Sembrano lontani i vari casi Evergrande, Shimao&co. Eppure negli ultimi mesi sono fioccati i downgrade di società legate al comparto immobiliare. Quasi un centinaio in poco meno di nove mesi.
Gianluca Zapponini
Il gigante dormiva, non era morto. In Cina la crisi del mattone non è mai finita. A volte è esplosa, altre volte no e i fallimenti veri o presunti della varie Evergrande, Shimao, sono lì a testimoniarlo. Il problema, però non è risolto. Due anni di pandemia e di altrettanta strategia zero-Covid, più dannosa che altro, hanno spinto il Dragone a battere di nuovo la fiacca, avviandosi a chiudere il 2022 con un Pil a +4,5%, al di sotto delle previsioni ufficiali del governo. Naturale, dunque, che il comparto immobiliare, che vale il 25% del Pil cinese, continui ad annaspare.
Le sirene sono tornate a suonare. La prova è nell’esponenziale aumento dei declassamenti del debito corporate legato alle imprese del mattone cinese, che nei giorni scorsi hanno toccato i massimi dal 2009. Basti solo pensare che l’agenzia Moody’s ha dichiarato di aver emesso 91 downgrade solo negli ultimi nove mesi, all’indirizzo di società immobiliari cinesi. Un declassamento su larga scala e per questo strutturale, un po’ come se l’intero mattone della Repubblica popolare fosse stato declassato.
Addirittura, le obbligazioni corporate di alcuni gruppi cinesi hanno ricevuto più di un downgrade. Ad oggi nel gradino B3 negative o inferiore, dunque spazzatura, si posizionano i debiti di Evergrande, Groenlandia, Agile Group, Sunac, Logan, Kaisa e R&F. “Il nostro vasto downgrade riflette l’attuale ambiente operativo molto difficile per gli sviluppatori immobiliari cinesi, combinato con un ambiente di finanziamento ristretto per tutti loro”, ha affermato Kelly Chen, vicepresidente e analista senior di Moody’s Investors Service. “Abbiamo visto tutti che le vendite contrattate sono state piuttosto deboli e non abbiamo visto un rimbalzo sui listini molto significativo in risposta alle politiche di supporto”, ha aggiunto l’esperto, in riferimento al piano di stimoli messo a punto dal governo cinese per risollevare l’economia.

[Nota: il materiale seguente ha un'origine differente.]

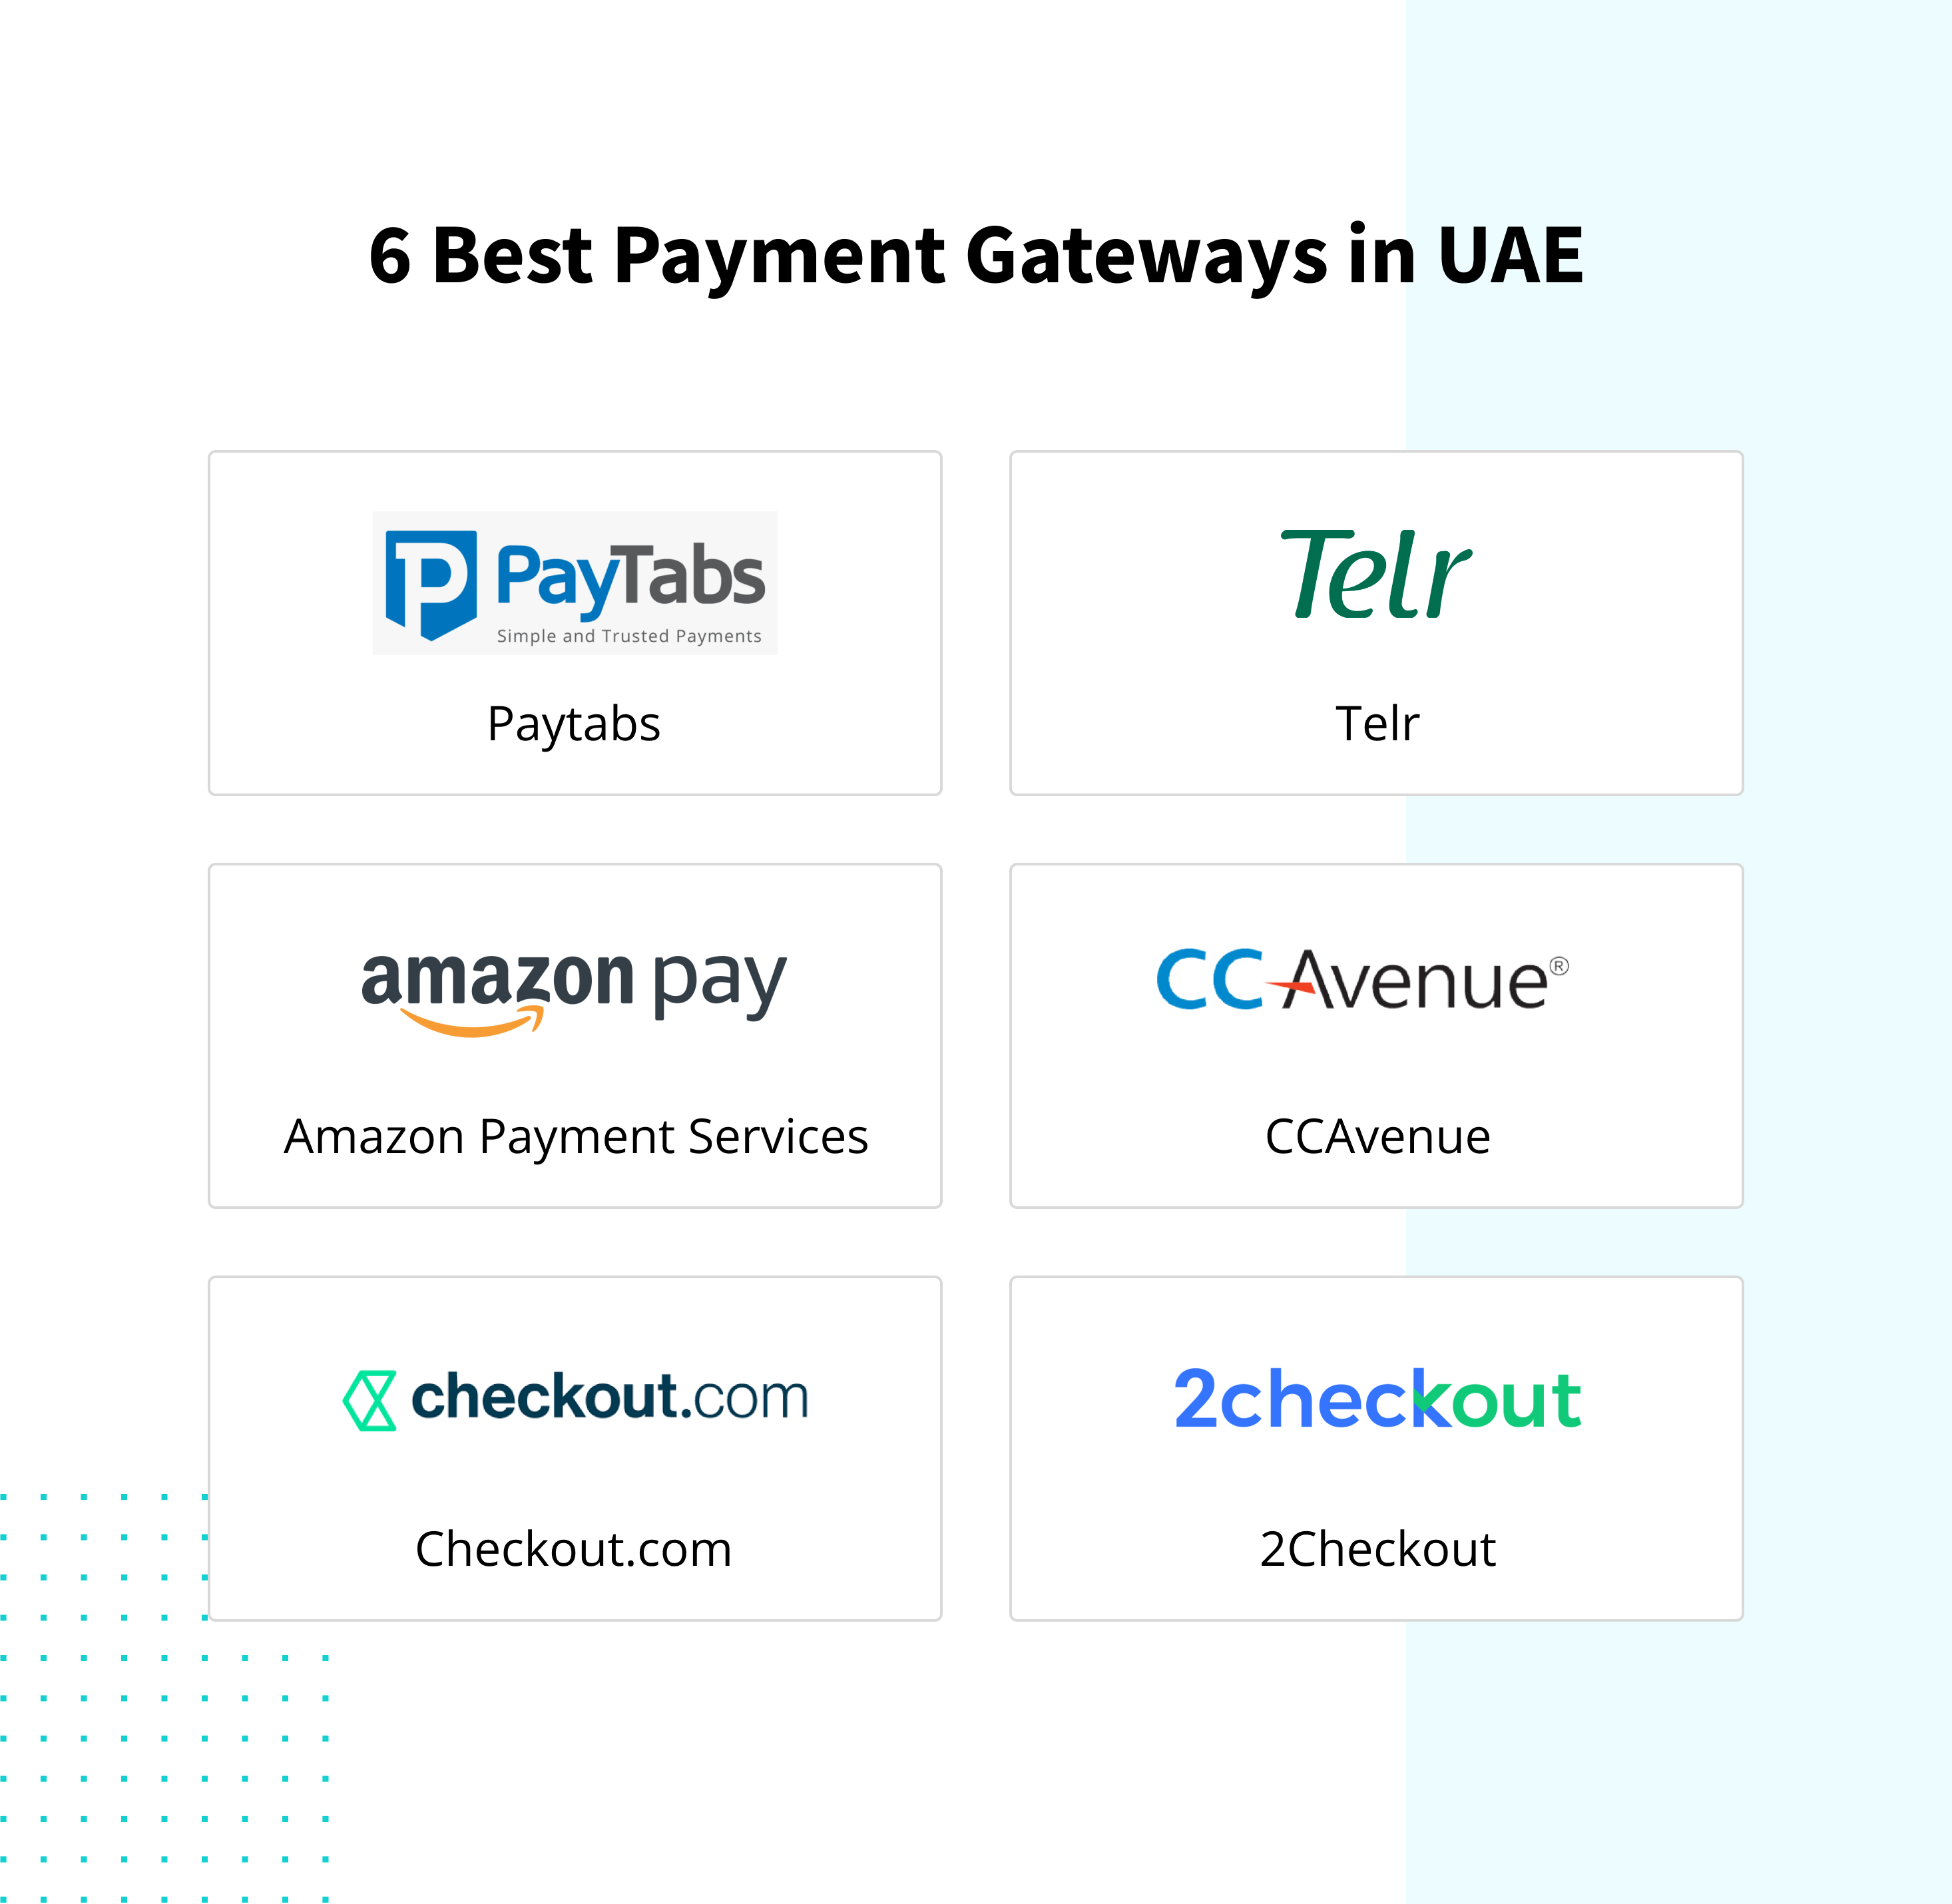 6 Best Payment Gateways in UAE

Che sconta anche un calo generalizzato delle entrate fiscali. Lockdown vuol dire meno consumi e meno transazioni, di qualsiasi natura. E fuga dei capitali vuol dire meno tasse versate all’erario del Paese ospitante oltre al venir meno dei soldi prestati in cambio di debito cinese. Insomma, la Cina è a secco. “L’ultima ondata di Omicron e i blocchi diffusi da metà marzo nelle principali metropoli hanno portato a una forte contrazione delle entrate del governo”, ha affermato Ting Lu, capo economista cinese di Nomura.